Jedna łza powoli spłynęła po jego szorstkim policzku.
Chłopak trzymający papierosa rzucił go o ścianę sklepu.
Najwyższy z tej grupy, który trzymał całą paczkę, patrzył się
teraz na nią z zamyśleniem. Po chwili wszyscy w trójkę
powoli bez jakiegokolwiek komentarza opuścili miejsce
spotkania. Tomek został sam, ale nie na długo.
- Przepraszam, że musiałeś tyle na mnie czekać, ale
sąsiadka mnie zatrzymała i zamieniłyśmy kilka zdań. Ty
płaczesz? Dlaczego wyszedłeś wcześniej ze sklepu?

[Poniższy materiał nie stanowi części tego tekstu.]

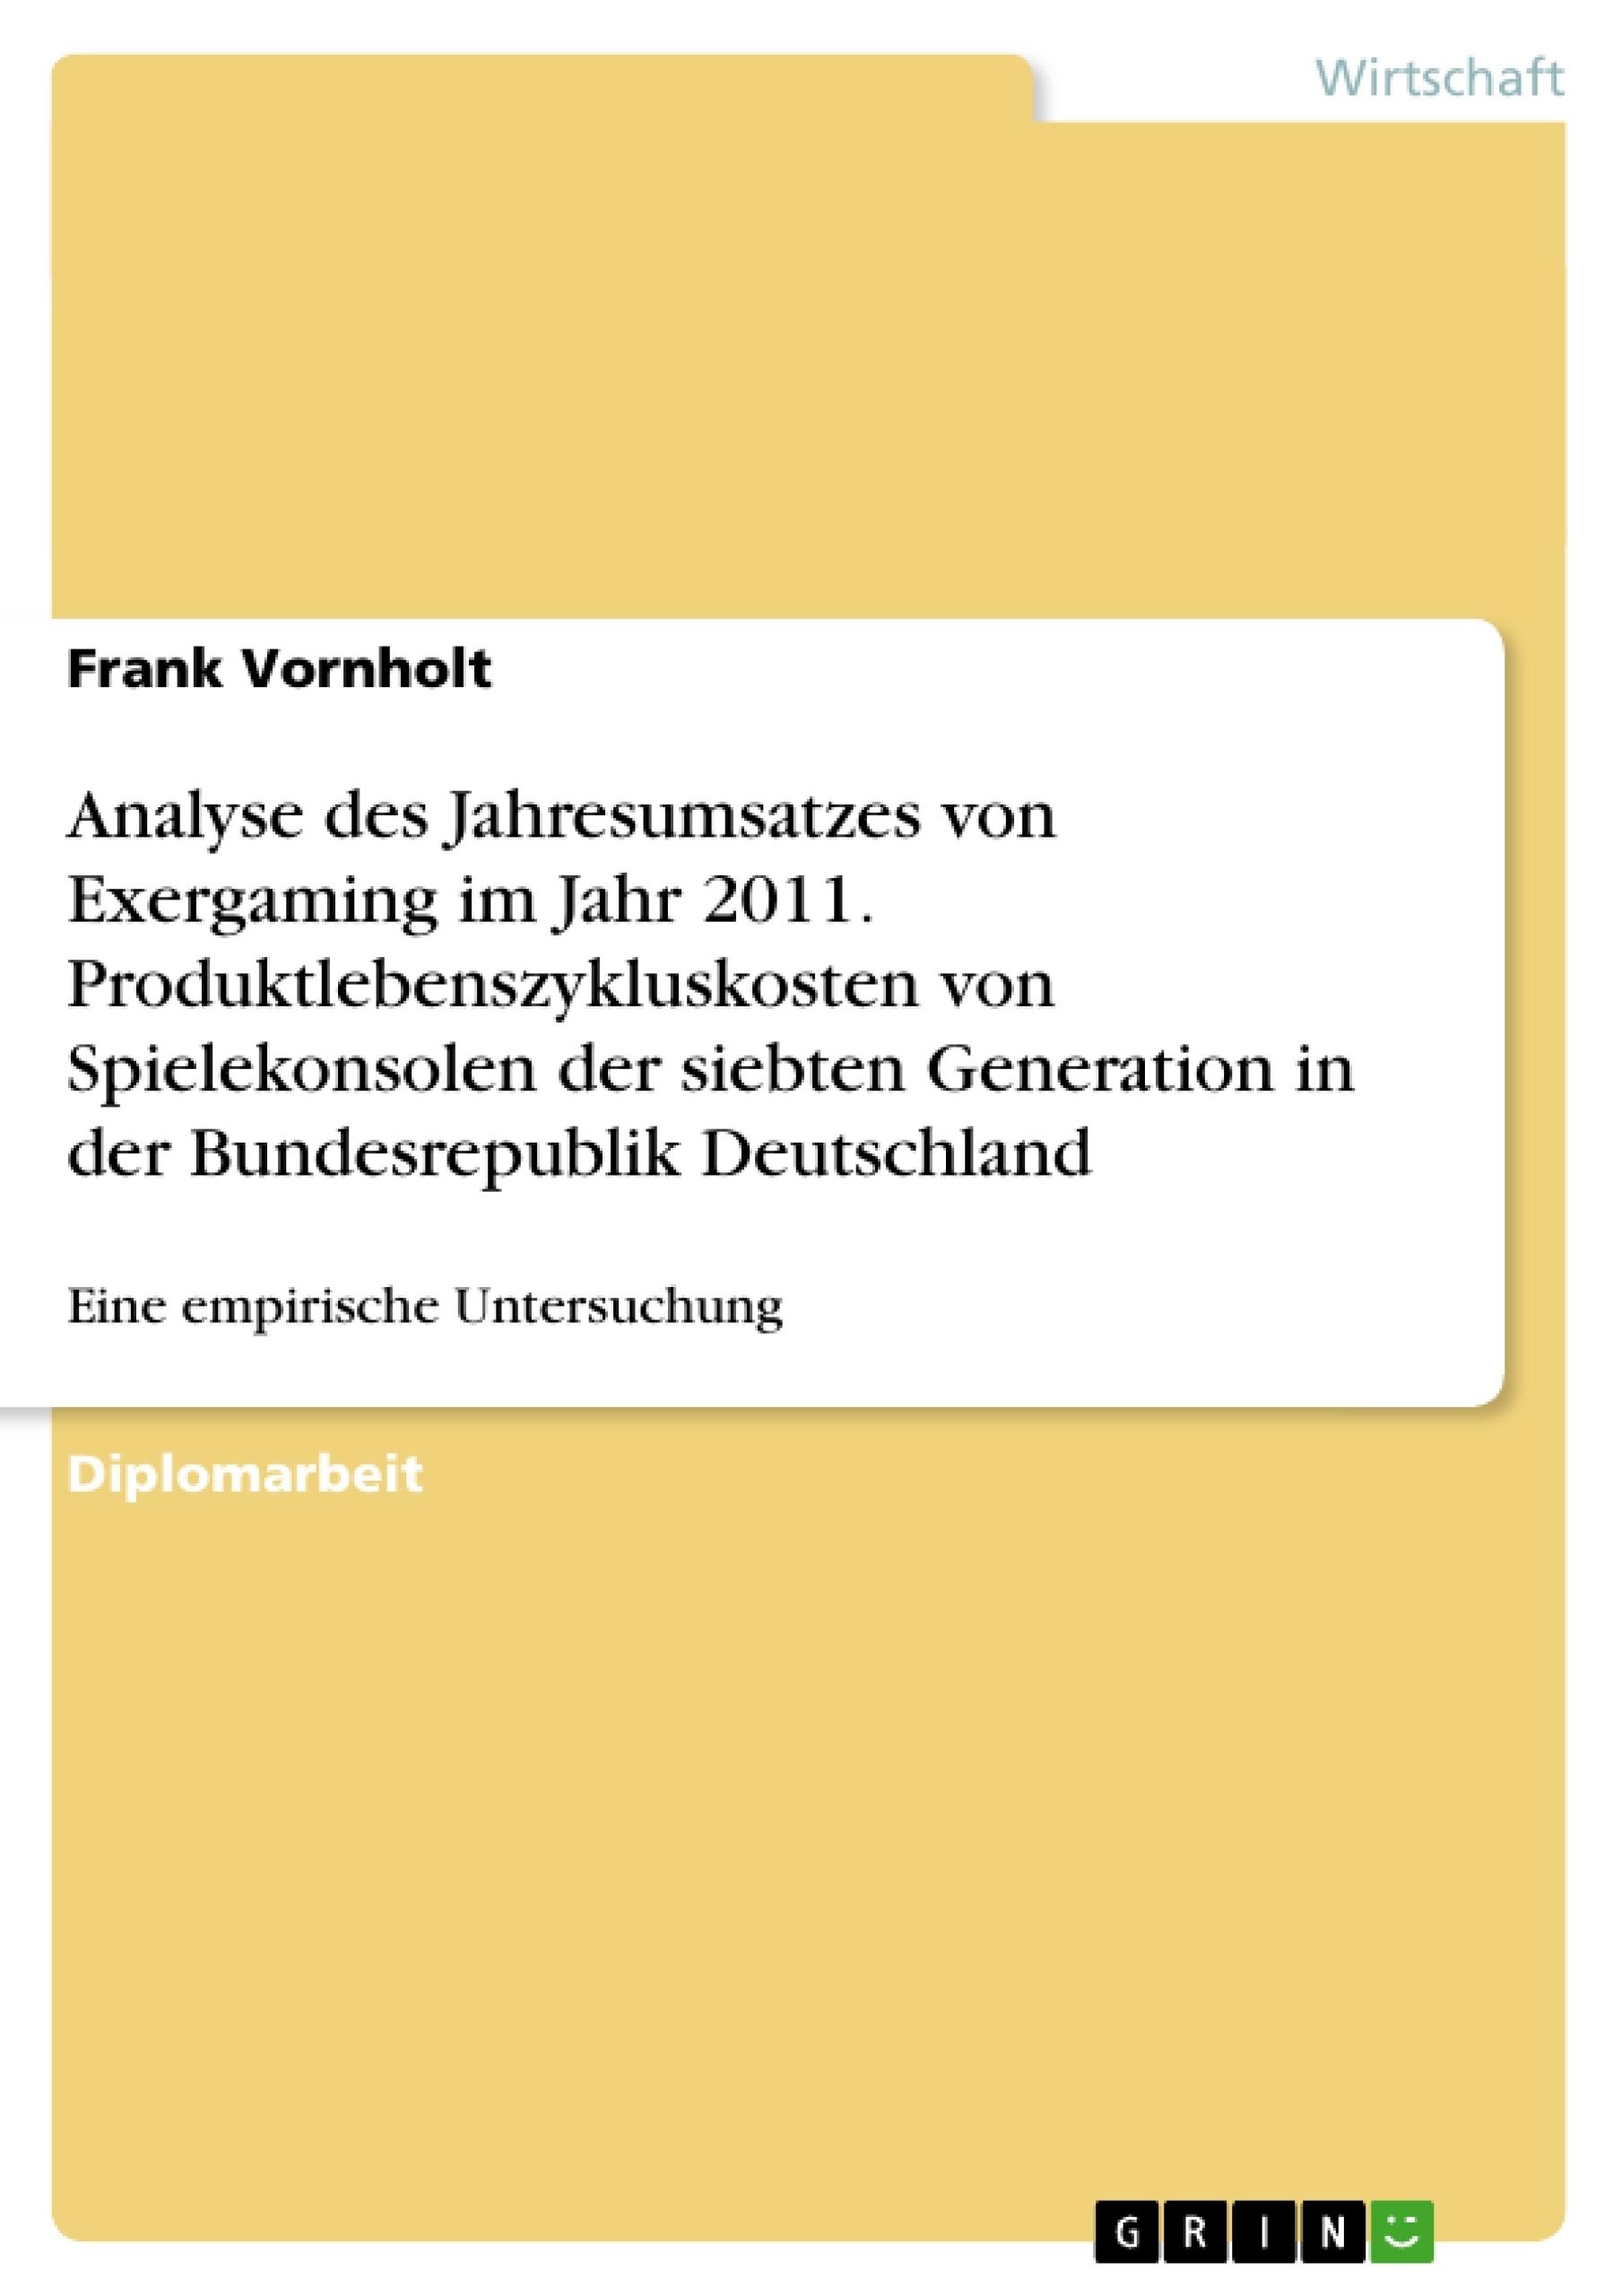 Titel: Analyse des Jahresumsatzes von Exergaming im Jahr 2011. Produktlebenszykluskosten von Spielekonsolen der siebten Generation in der Bundesrepublik Deutschland

- Nic się nie stało. Zrobiło mi się po prostu słabo.
Zawieziesz mnie do domu?
Iwona spojrzała na męża ze zdziwieniem, ale nie
powiedziała ani słowa. Pierwszy raz od 10 lat zapytał się jej,
czy pomoże mu popychać wózek. Pocałowała go jedynie
czule w policzek, po czym udali się w stronę domu. Przez
całą drogę nie wymienili między sobą ani słowa. Niedaleko
swojego mieszkania byli świadkami kolejnego wydarzenia.
Oto grupka chłopców szła, jak się zdawało, do szkoły.

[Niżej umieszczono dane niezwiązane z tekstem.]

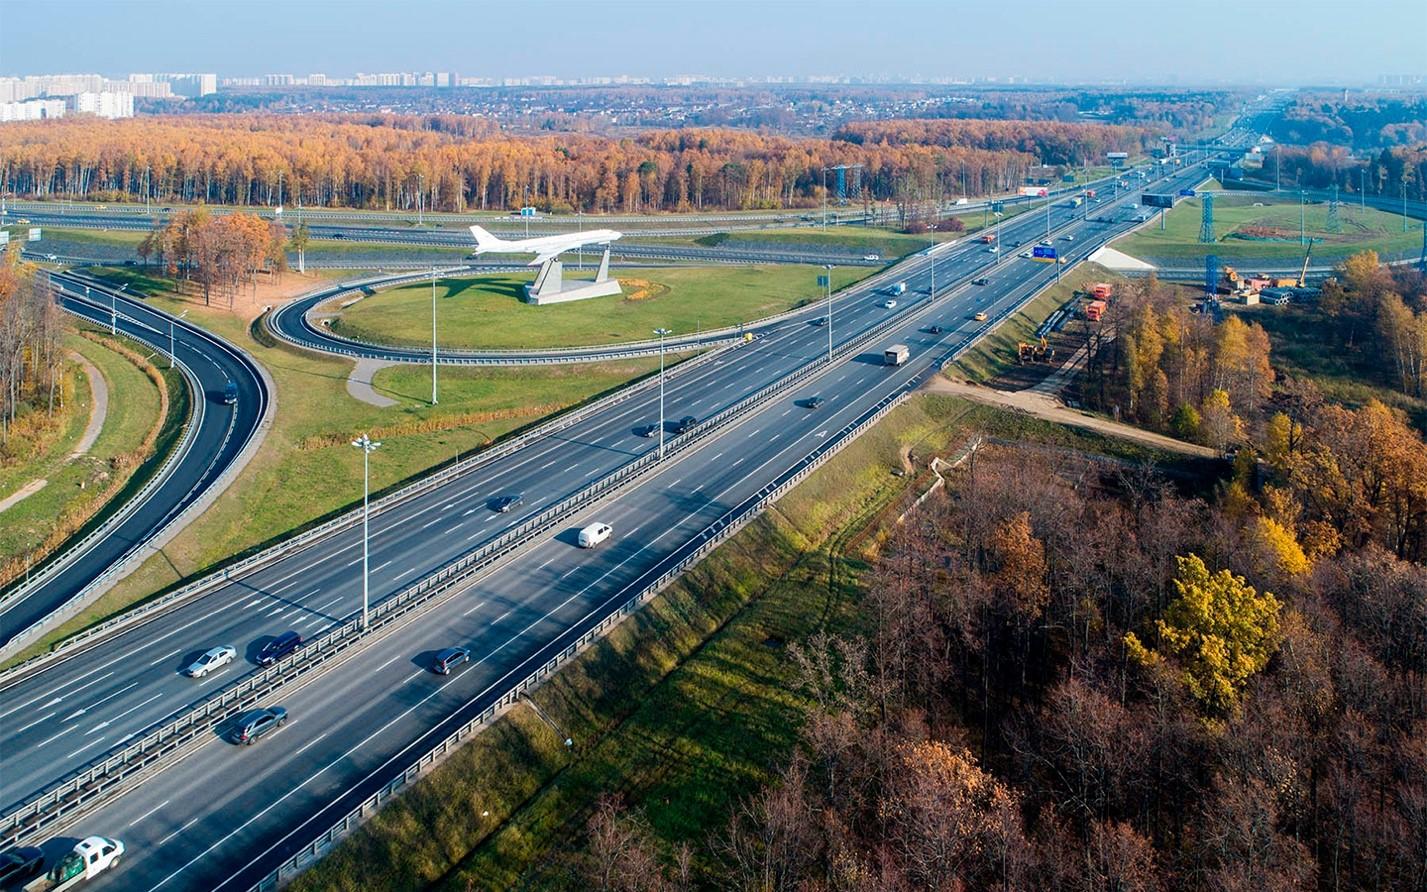 150 км в час и много заправок, в России сильно изменятся трассы

Jeden kolega niskiego wzrostu, zamierzając widocznie ich
dogonić, biegł za nimi, pokrzykując.
-Chło-chło-chło-paki!
Po-po-po-po-cze-kaj-cie-na-namnie!
Ów chłopiec był jąkałą ubranym w szarawy sweter i
wytarte dżinsy. Włosy miał ułożone „na grzybka”. Jeden z
uczniów z idącej grupy obrócił się. W ślad za nim reszta
zrobiła to samo.
- Po co biegniesz tutaj, jąkało? Po co krzyczysz? I tak nie
chcemy ciebie wśród nas. Znajdź sobie innych kumpli!
Odosobniony blondyn stał w miejscu jak wryty dobre
kilkanaście sekund, zanim Tomek podjechał do niego. Jego
pseudokolegów, oczywiście, już dawno nie było w pobliżu.
Po co mają tracić swój cenny czas na takiego „jąkałę”?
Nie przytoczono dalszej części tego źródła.